Ela viveu numa época em que os agricultores tinham acabado de ocupar Escandinávia e começavam a se misturar com grupos de caçadores-coletores. Ele determinou que ela provavelmente tinha sido de pele clara com cabelos escuros.
Após esse processo, que ele diz ter sido rigorosamente testado, Nilsson parte do reino da probabilidade científica e entra na fase dois: a da imaginação. Ao contrário do gênero, tom de pele e dentes, uma expressão não pode ser preservada no osso.
“Eu preciso trazer o rosto vivo, então você realmente tem a impressão de que há alguém olhando para você dentro desses olhos”, diz ele.
Como adicionar emoção a um crânio de 4 mil anos de antiguidade
Nilsson se abstém de ser muito criativo – retratar um forte sentimento de raiva, por exemplo, é estritamente proibido, diz ele. O que ele pode fazer é tecer emoções para dar a sensação de que o rosto está em movimento e, portanto, vivo.
O rosto acabado é moldado novamente em um silicone de tom de pele e Nilsson começa a adicionar os detalhes.
Quando ele pensou nos olhos da mulher, ele considerou o garoto com quem ela tinha sido enterrada. O esqueleto do garoto estava danificado demais para uma reconstituição, mas Nilsson queria incluí-lo.
Ele imaginou que o menino era seu filho, e ela estava observando-o enquanto ele corria à frente dela. Eles provavelmente eram caçadores coletores, viajando atrás das migrações de animais. Talvez, ele pensou, eles estavam a caminho do acampamento de inverno.
“Ela não está ameaçada, ela se sente em casa ela olha para esse menino”, diz Nilsson. “É uma sensação segura, mas também quase um pouco arrogante. Mesmo que ela seja pequena, você não gostaria de mexer com ela.”
Nilsson estudou padrões históricos de migração para determinar que a mulher provavelmente tinha pele clara e cabelos escuros.
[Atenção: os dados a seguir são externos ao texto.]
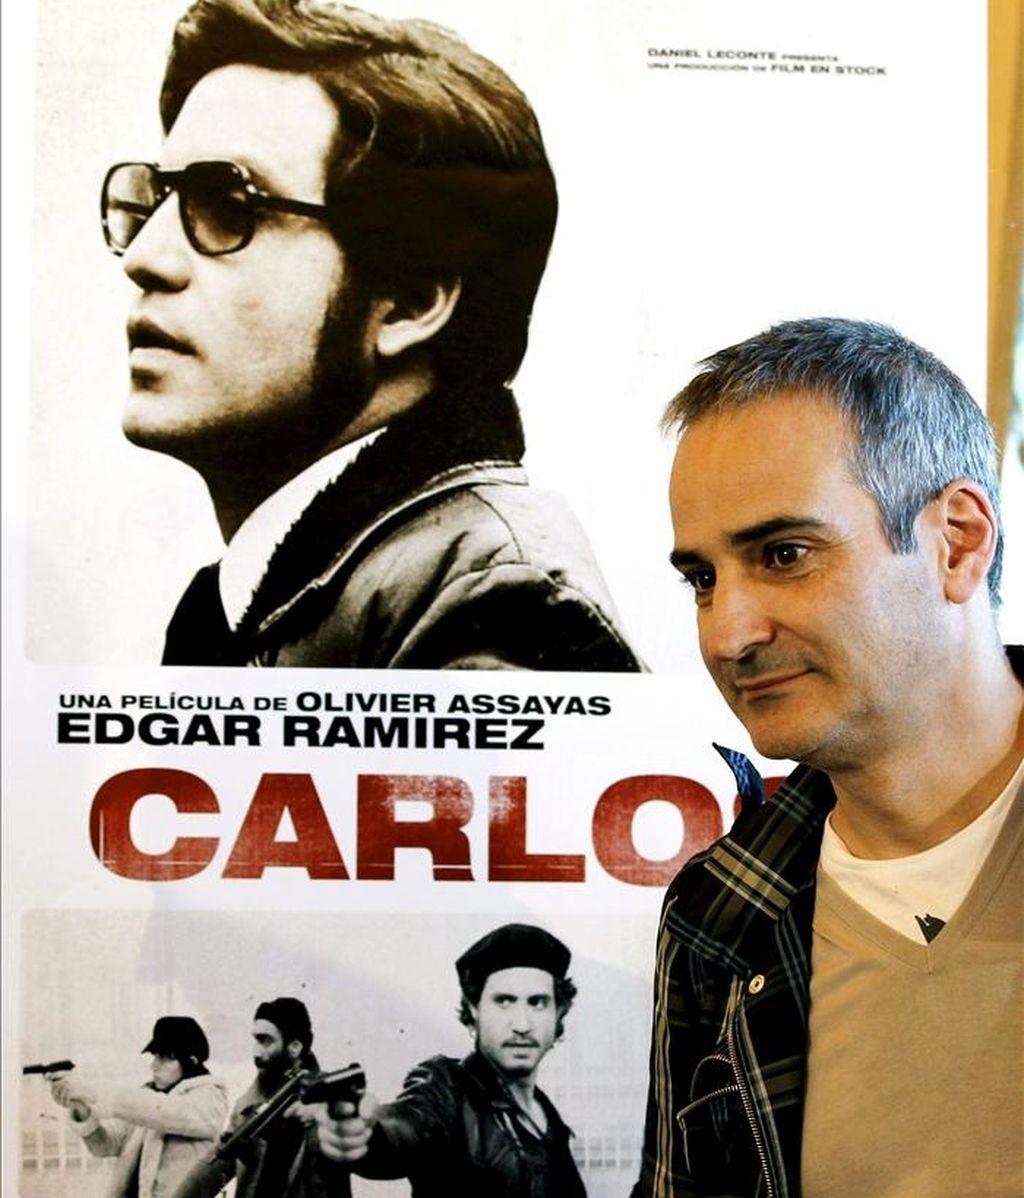 """El director francés de la película """"Carlos"""", Oliver Assayas, momentos antes de iniciarse la rueda de prensa durante la primera jornada de la 32ª edición de La Mostra de cine en Valencia. EFE"""

Ela está vestida com peles de animais curtidas feitas com técnicas da Idade da Pedra.
Como saber se a reconstrução do rosto foi bem feita?
Em reconstruções passadas, ele sabia que seu trabalho estava bem feito quando um visitante do museu se inclina em direção ao rosto para examinar seus detalhes e, em seguida, pula para trás, desconfortável com a proximidade.
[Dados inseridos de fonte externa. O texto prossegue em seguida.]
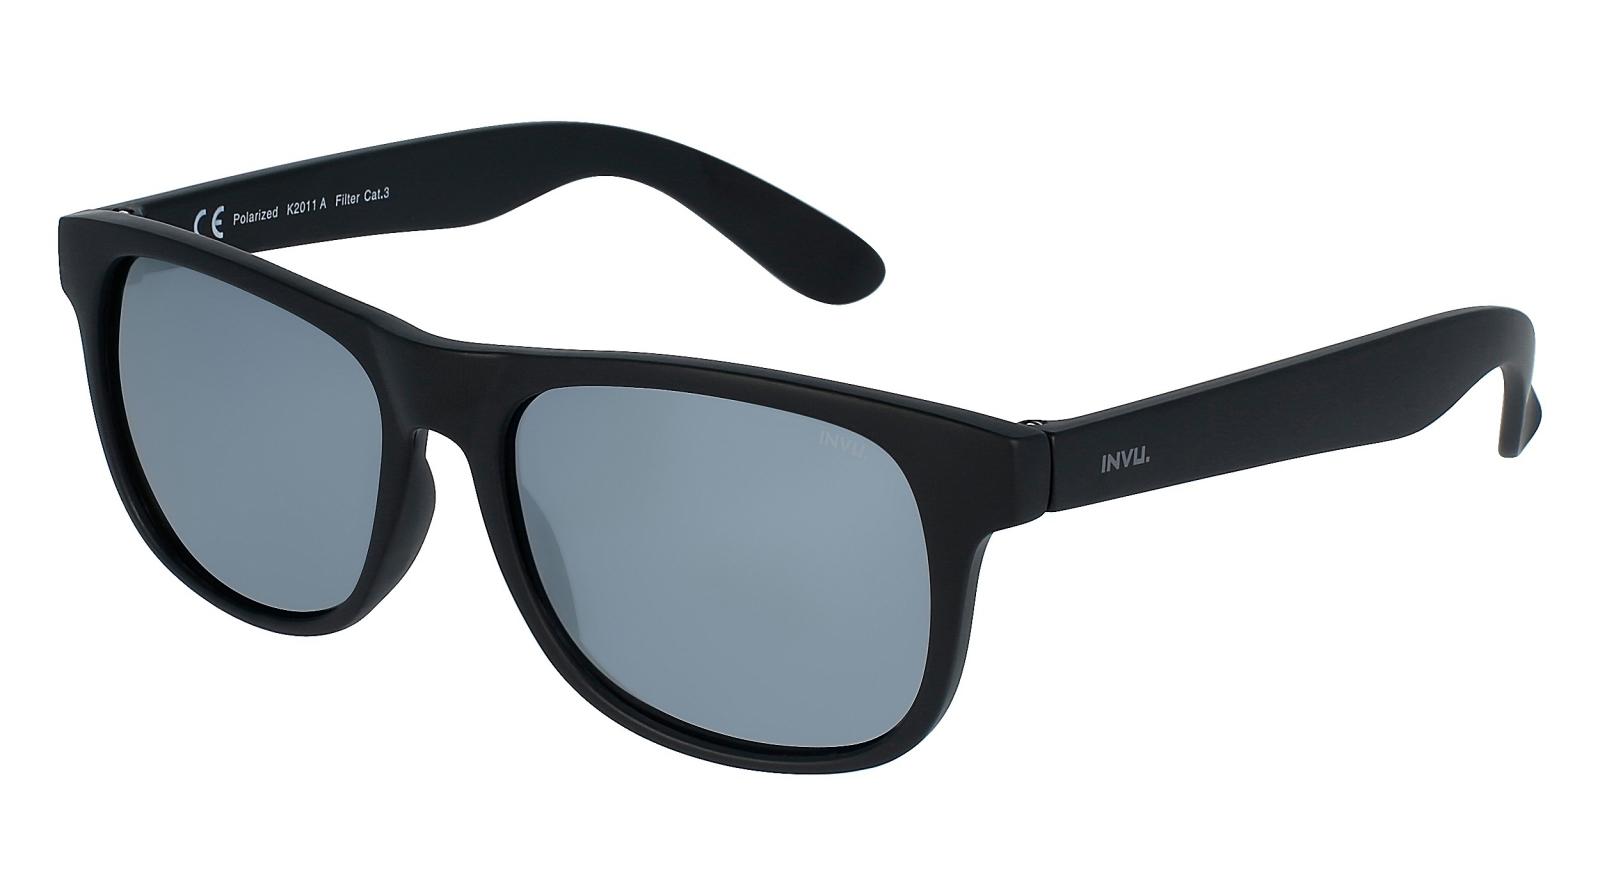 INVU. Kids K2011A - Slnečné okuliare pre deti 12-15 r.

Isso costuma acontecer quando os dois pares de olhos, vivos e reconstruídos, estão a um metro de distância. "Isso revela um conflito no cérebro", diz ele. "A parte lógica do cérebro diz que isso é falso, mas a experiência emocional é de que alguém está realmente lá.”
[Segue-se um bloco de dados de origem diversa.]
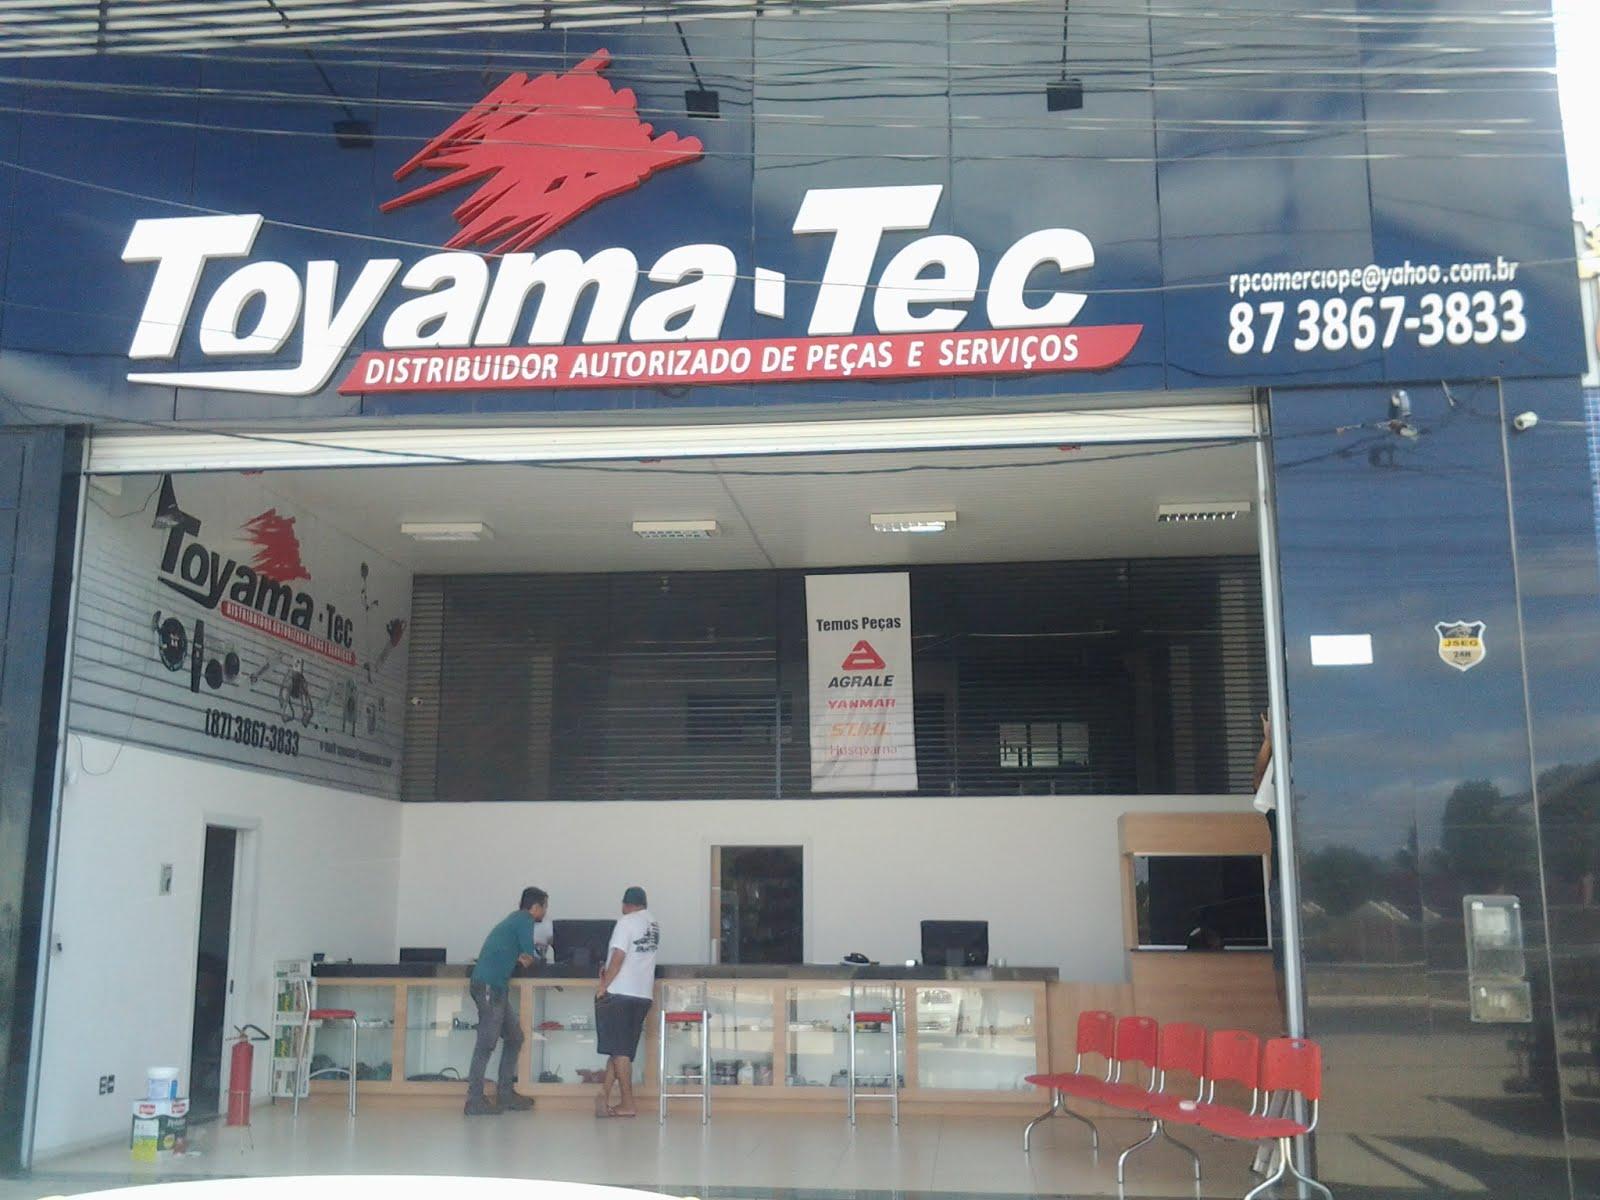 TOYAMA-TEC DISTRIBUIDOR AUTORIZADO DE PEÇAS E SERVIÇOS

Essa reconstituição levou 350 horas para ser concluída. Quando Nilsson terminou, a mulher estava vestida com peles de animais curtidas feitas com técnicas da Idade da Pedra pela colega de Nilsson, Helena Gjaerum.
Um colar de garras de pássaro pendurado em seu pescoço e um coque apertado segurava o cabelo enquanto ela viajava entre as árvores 4 mil anos atrás.
Olhando no rosto da mulher de Langmansören
Nilsson conhece bem essas florestas. Quando ele estava crescendo em Estocolmo, sua família passava férias em uma cabana a alguns quilômetros de onde o túmulo foi encontrado.
Ele caminhava entre as árvores, coletando cogumelos e procurando alces, ou mesmo um urso, talvez ao longo das mesmas trilhas que a mulher de Lagmansören andou.
“DNA e impressão 3D são legais”, diz Nilsson. “Mas é sempre [sobre] esse vínculo emocional que eu e muitas pessoas experimentamos quando olhamos para um rosto reconstruído. É essa conexão que vem em primeiro lugar.”